Gene discovery is exciting science, the stuff of headlines and awards. But many researchers at the School are doing a brand of genetic research that takes the difficult but perhaps less glamorous step of plugging exposure into the genetics equation. They are asking what the health consequences will be if people with a particular gene--or a particular mutation in a particular gene--smoke, get exposed to toxic chemicals, or eat high-fat diets. Karl Kelsey, a professor in the Department of Cancer Cell Biology, says emphatically, "I am at the School of Public Health, and I am interested in diseases caused by exposures." Furthermore, says Kelsey, there are many questions about disease causation that the gene hunters simply can't answer. "When you have a disease that's caused by an exposure, penetrance [the frequency with which a gene manifests its effect] is necessarily going to be affected by exposure. Consequently, it becomes problematic and almost impossible to do classic linkage analysis to find genetic determinants."

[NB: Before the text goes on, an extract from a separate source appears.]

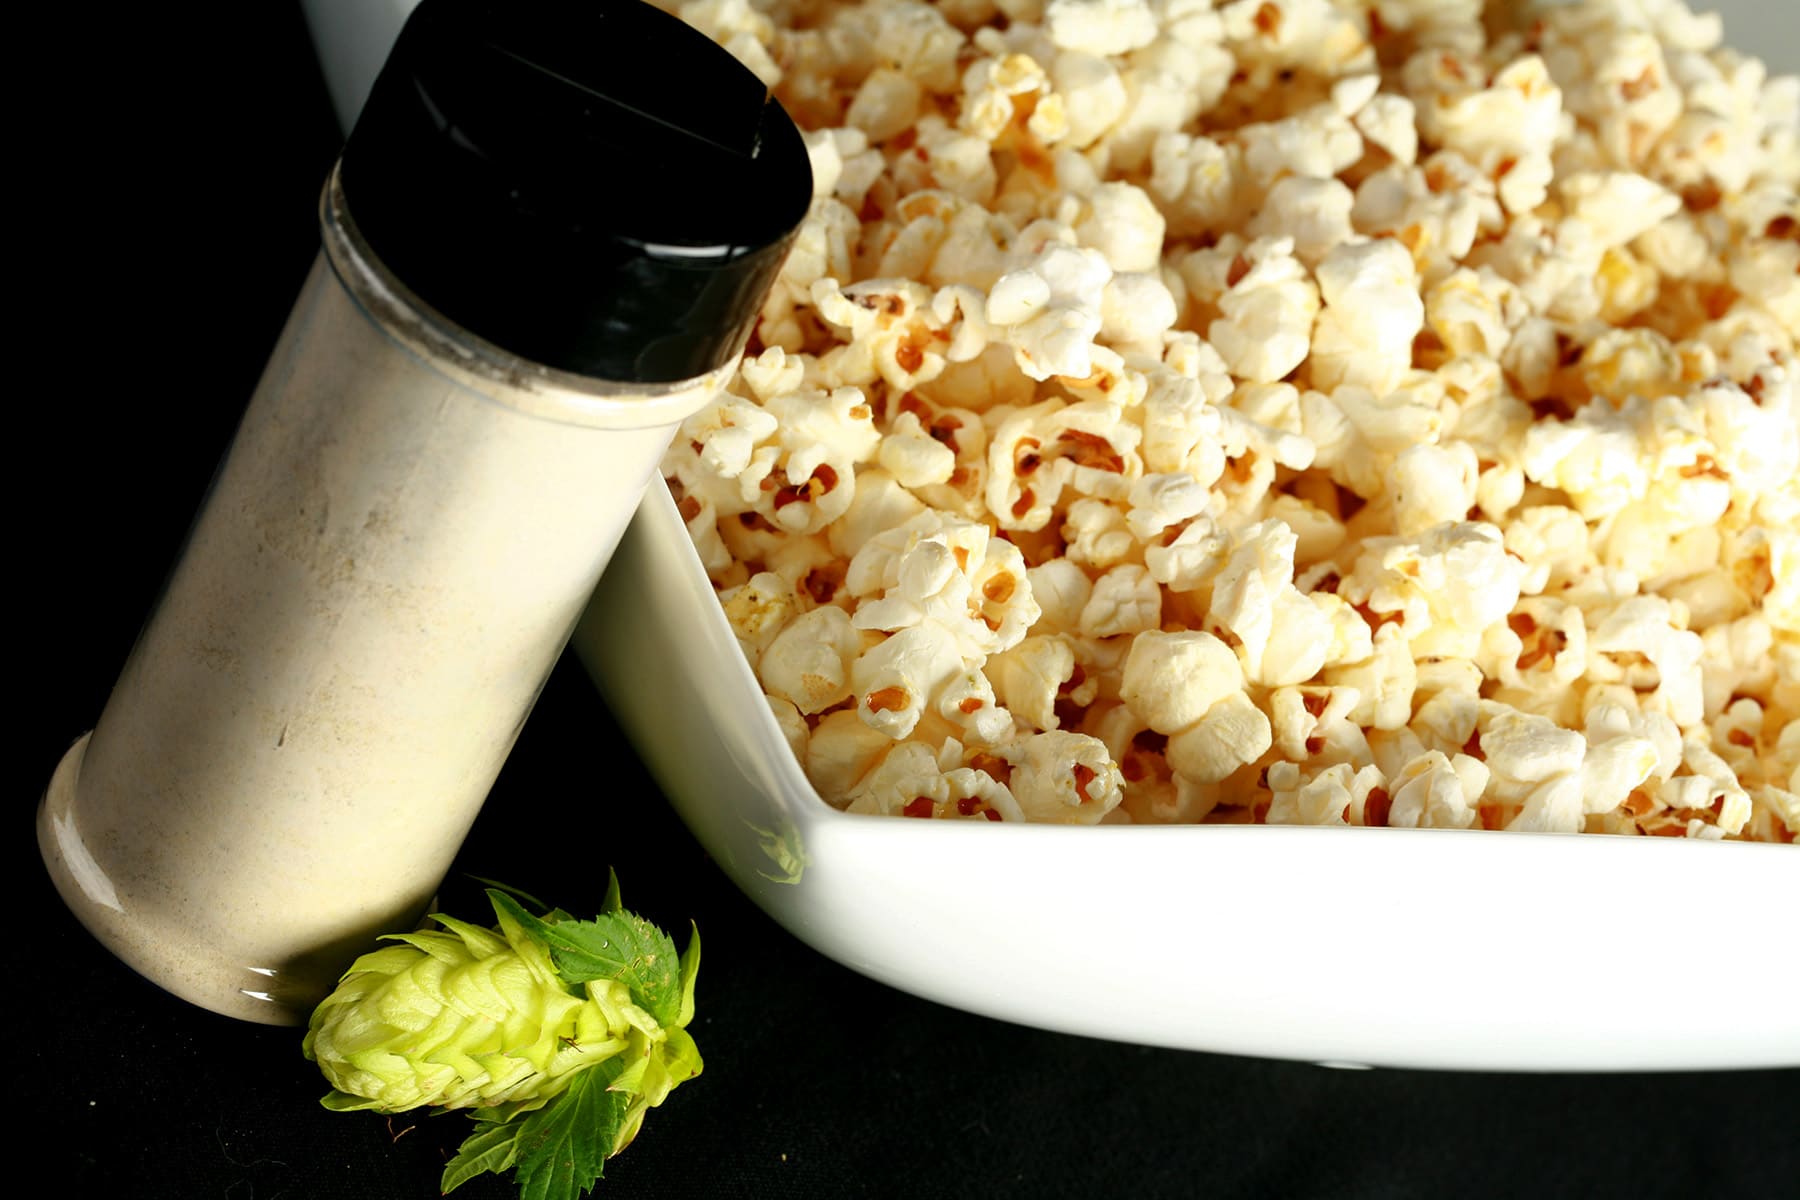 A large rectangular bowl holds hopped popcorn - hopcorn! There is a small canister of the popcorn seasoning, and a fresh hop flower next to the bowl.

But just how, and at what level, researchers go about studying the gene-exposure relationship is as varied as the answers they might find. Kelsey, for example, depends on tumor cells from Mass General lung cancer patients, whom he and others in his department have been following for years. Through PCR and other techniques, he is able to identify the genetic alterations in these tumor cells (they wouldn't be tumor cells if they weren't genetically fouled up in some way). Then he uses regression analysis to relate this genetic information to both disease and exposures. In a sense, what Kelsey is trying to do is recreate the crime--the crime being the transformation of a normal cell into its cancerous counterpart. "What I am interested in sorting out is the pattern of genetic alteration and how that gives rise to this disease," he explains. "How do you get there? What mechanistically occurs? And you can do that if you build a model, in an epidemiologic sense. But you have to know everything about the person. You've got to know when they started smoking, when they stopped, and all of those nice epidemiologic determinants." A paper that Kelsey published in Cancer Research in May is an example of the epidemiologic reasoning and design he is talking about. Combing through the genes of cells collected from 40 lung tumors, Kelsey and his colleagues showed that the tumor cells were missing chunks of a tumor suppressor gene called FHIT, an omission that was quite different from the reshuffling pattern, or "point mutations," seen in another tumor suppressor gene, the p53 gene. They were also able to show that asbestos exposure and smoking were significantly associated with these fhit deletions.

Associate Professor Claire Doerschuk: it makes sense to use antisense.

Yet there are other ways to skin the gene-exposure cat. Associate Professor Claire Doerschuk in the environmental health department is an expert on how lung inflammation at both the molecular and cellular levels is orchestrated in response to tobacco smoke, ozone, and bacterial infections. Although the inflammatory response is usually beneficial, it can also cause harm, so lung disease researchers have been intensely interested in how the inflammation is regulated and how, in certain situations, it might be switched off. Like many other researchers these days, Doerschuk uses mutant mice in her labs--25 varieties in her case. Although this is admittedly an oversimplified explanation, mutant mice experiments can be explained as disabling, or "knocking out," a gene that makes a molecule deemed crucial to some biological system of interest--and then watching to see what happens during the mouse's exposure to infection or other stimulus. It's common to buy off-the-shelf versions of knockout mice. But often researchers want to tailor make a knockout mouse to their investigation. Making a knockout mouse from scratch, so to speak, is a painstaking process, one that involves manipulating the genes of tiny mouse embryos consisting of just a few cells. For example, it took Brian Glassner in Toxicology Professor Leona Samson's lab over a year to make a knockout mouse for experiments that Samson is doing on DNA repair genes.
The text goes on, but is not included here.